Of the royalty-related comments, three suggested that the royalty be 
set at 12.5 percent, the same rate as in BLM's oil and gas program, 
while some comments described a 12.5 percent royalty rate as 
unreasonable. It is contemplated that the primary products produced 
from oil shale will compete directly with those from onshore oil and 
gas production, which has a 12.5 percent royalty rate. However, the BLM 
recognizes that the nature of potential oil shale operations differs 
from that of conventional oil and gas operations and that these 
differences may suggest the need for a royalty system other than the 
traditional flat rate of 12.5 percent used for conventional onshore oil 
and gas operations.
    In determining the royalty rate for oil shale, it should be noted 
that there is a significant difference between oil shale mineral 
deposits and a conventional crude oil reservoir. As discussed in the 
Background section of this preamble, oil shale is a marlstone that 
contains no oil, but kerogen, that needs to be refined and converted to 
synthetic crude oil.
    Currently, proposed processes to extract kerogen from an oil shale 
deposit are also considerably different, as well as labor and capital 
intensive. Oil shale is a solid rock that must be mined or treated in 
place to release the kerogen. Two of these processes are discussed in 
the Background section of this preamble.
    Seven of the comments recommended that a ``very low royalty rate'' 
be established until after companies have recouped the costs of their 
investments (debt service and capital investment). Many among the seven 
recommended that a 1 percent royalty rate be the starting point, and 
they used the Canadian oil sands royalty scheme as an example. As 
discussed above, the BLM looked at royalty applications for oil shale 
and similar unconventional fuels in other countries. The Canadian tar 
sand model presents two challenges.

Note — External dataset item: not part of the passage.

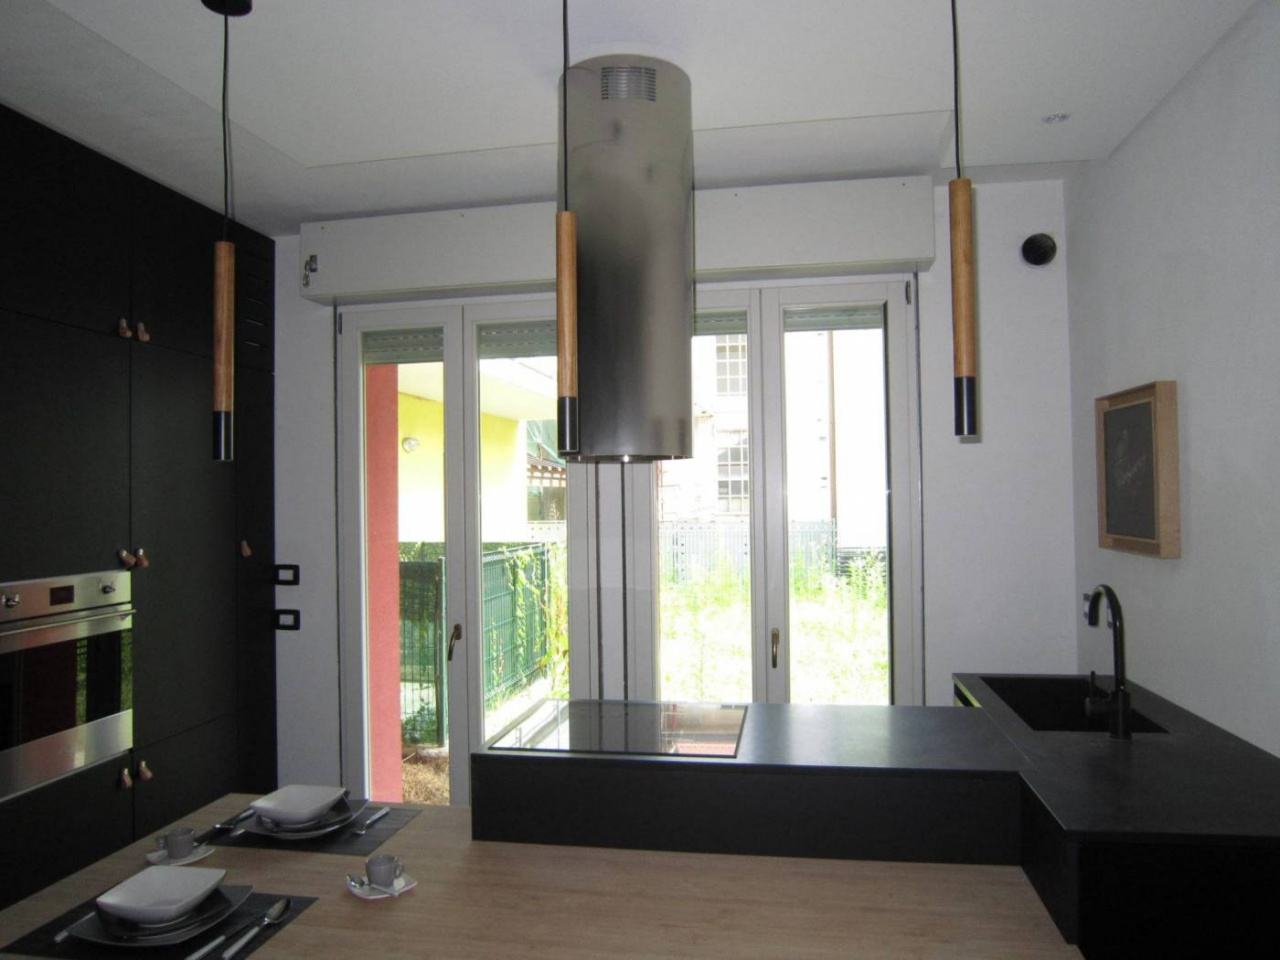 Appartamento in vendita a Alzano Lombardo, 1 locali, prezzo € 105.000 | CambioCasa.it

First, because of the continual 
infusion of capital to acquire new equipment the payout point is never 
being reached.

[[Page 42932]]

Secondly, because of the complexity of determining when payout may 
occur, such a royalty scheme is subject to easy manipulation and higher 
administrative costs. Therefore, the BLM considered the investment 
payout scheme as inconsistent with the premise of ``a fair return'' to 
the taxpayers as mandated in EP Act.
    Three of the ANPR comments recommended that ``royalties must be 
high enough'' to support local communities and infrastructure; however, 
these comments did not provide specific royalty rates. Oil shale 
royalties are not designated for community and infrastructure support, 
but by statute are required to be split between the Federal Treasury 
and the states (30 U.S.C. 191). Presumably states could choose to 
direct a portion of the royalty revenues they receive to local 
community and infrastructure support, but that would be a state choice, 
and for the purposes of this rulemaking, these comments were not 
considered because they assume a use of royalty revenues not available 
under current law.
    Three comments suggested that royalties should not be charged on 
hydrocarbons unavoidably lost or used on the lease for the benefit of 
the lease, but did not directly address the royalty rate issue.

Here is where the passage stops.